In return, a network like BabyFirst can scale down to 10 hours of original programming a week, eliminating the costs of maintaining a 24/7 presence while still reaching the same audience. It’s in the MVPDs (and vMPVDs) interests to have as many of these smaller networks in their libraries as possible so that viewers feel they have a giant library to choose from. The only expense to the MVPD is server space, and there’s potential for ad revenue for the MVPD too, both from the actual show and from paid recommendations to targeted audiences.

Back To Cord-Cutting … And Revenue

According to Nielsen, 96.5% of American households will be “TV households” this fall—an increase of 1.4 million homes from fall 2016. So clearly more people than ever are watching television, even if they’re not doing so via a set top box.
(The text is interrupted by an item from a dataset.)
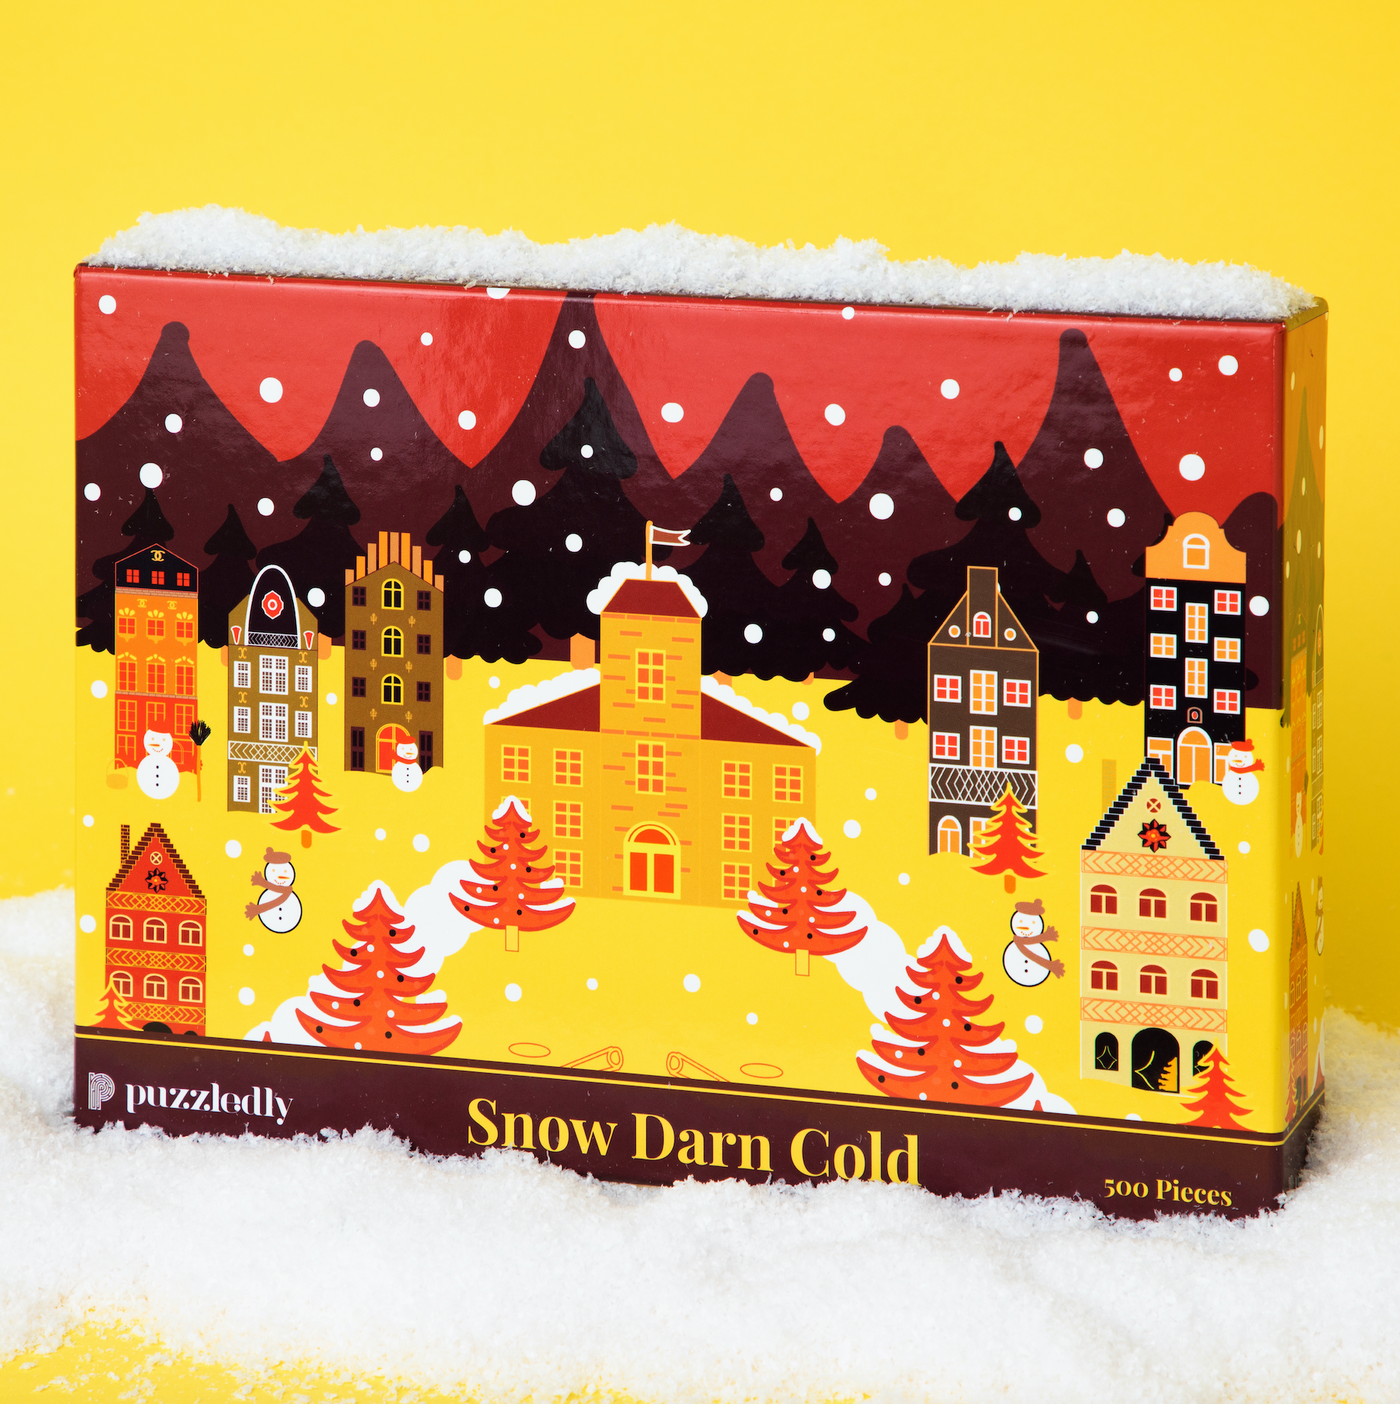 Snow Darn Cold | 500 Piece Jigsaw Puzzle Puzzledly Puzzledly.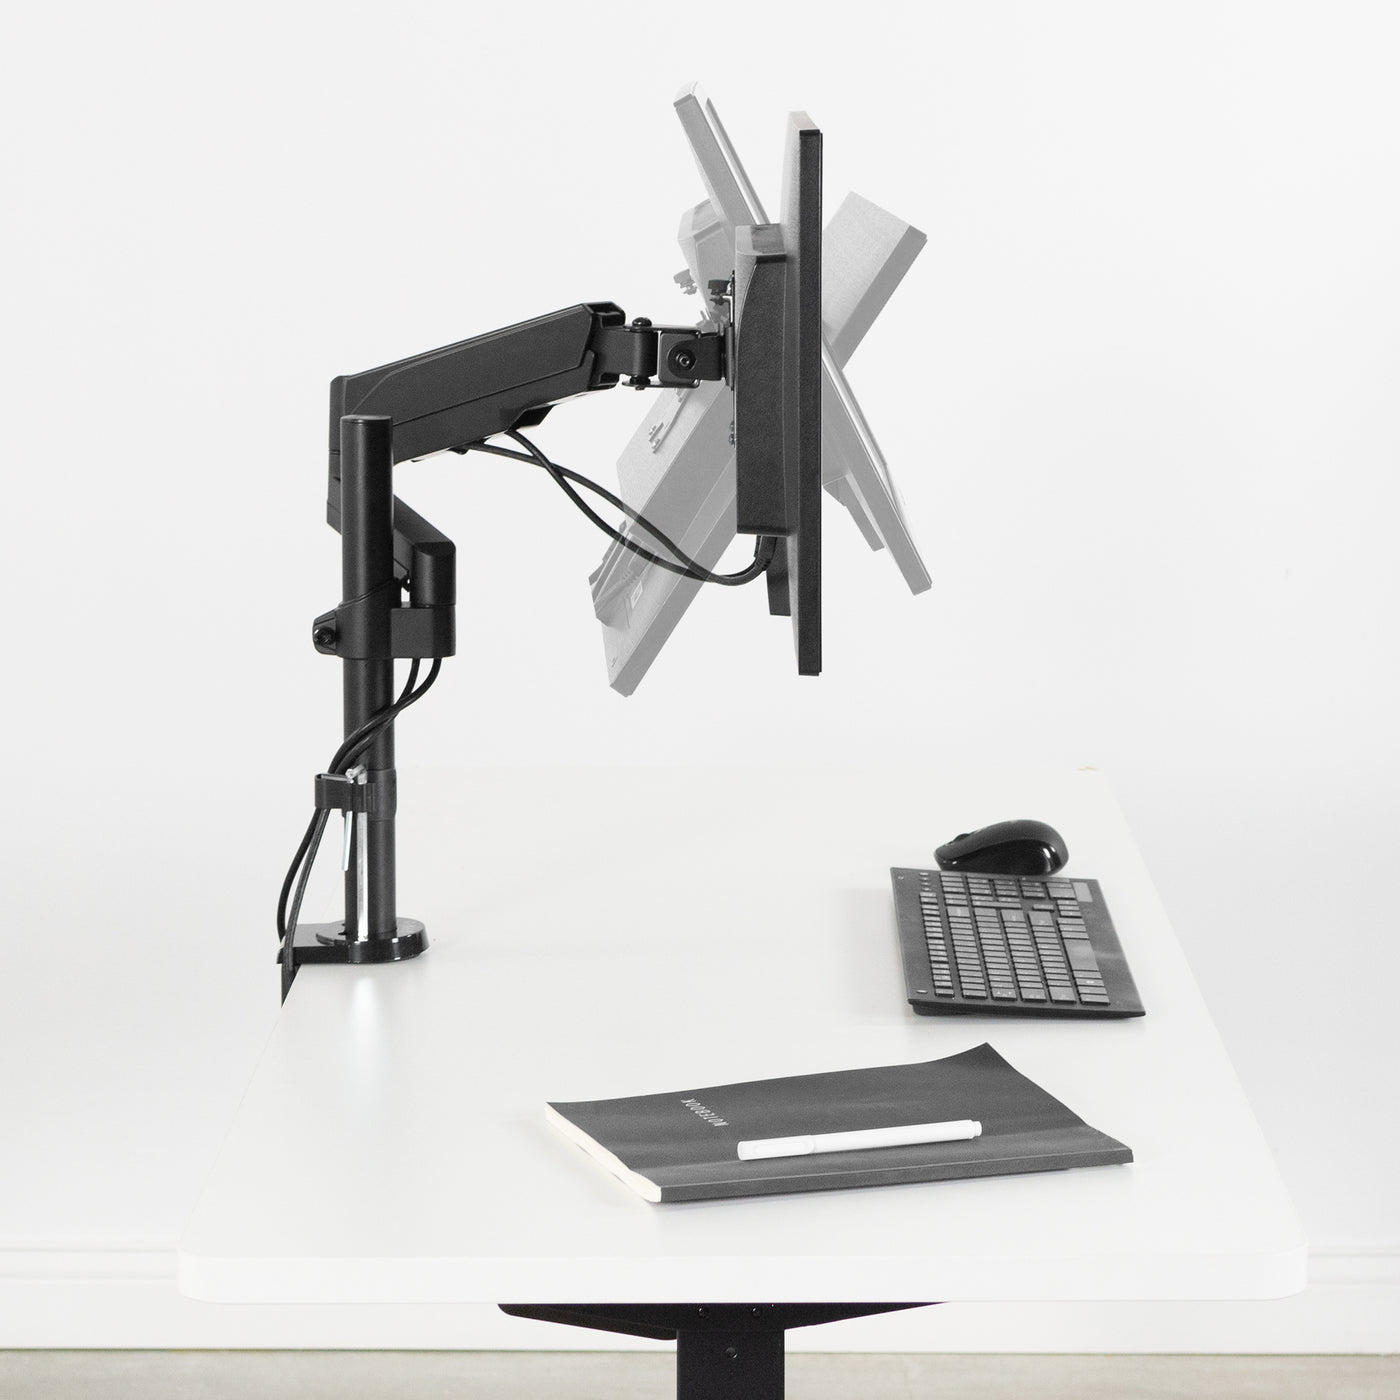 Articulation and adjustments of a pneumatic arm mounted to a clamp on a desk pole.

While the media’s reading of eMarketer’s cord-cutting stats may be false, eMarketer does have a very valid point in terms of ad revenue. By continuing to ignore the massive shift away from linear viewing and the steady shift to digital viewing, the networks are in danger of losing a lot of money: digital TV dollars don’t add up the way linear dollars do. There is still a host of legal and logistical reasons why networks can’t run the same commercials on digital that they do on linear. If the industry (networks, advertising agencies and brands) doesn't fully acknowledge the extent of the changes, there's a real danger that budgets will get cut.

Whether the entire industry wakes up in time is still uncertain, but for networks who get where things are going and are working to make sure their offerings line up to current and future viewing patterns, the future looks anything but bleak. People are watching more TV than ever. They’re just not watching it via a set top box. Accept that, and it shouldn't be too hard to find ways to monetize.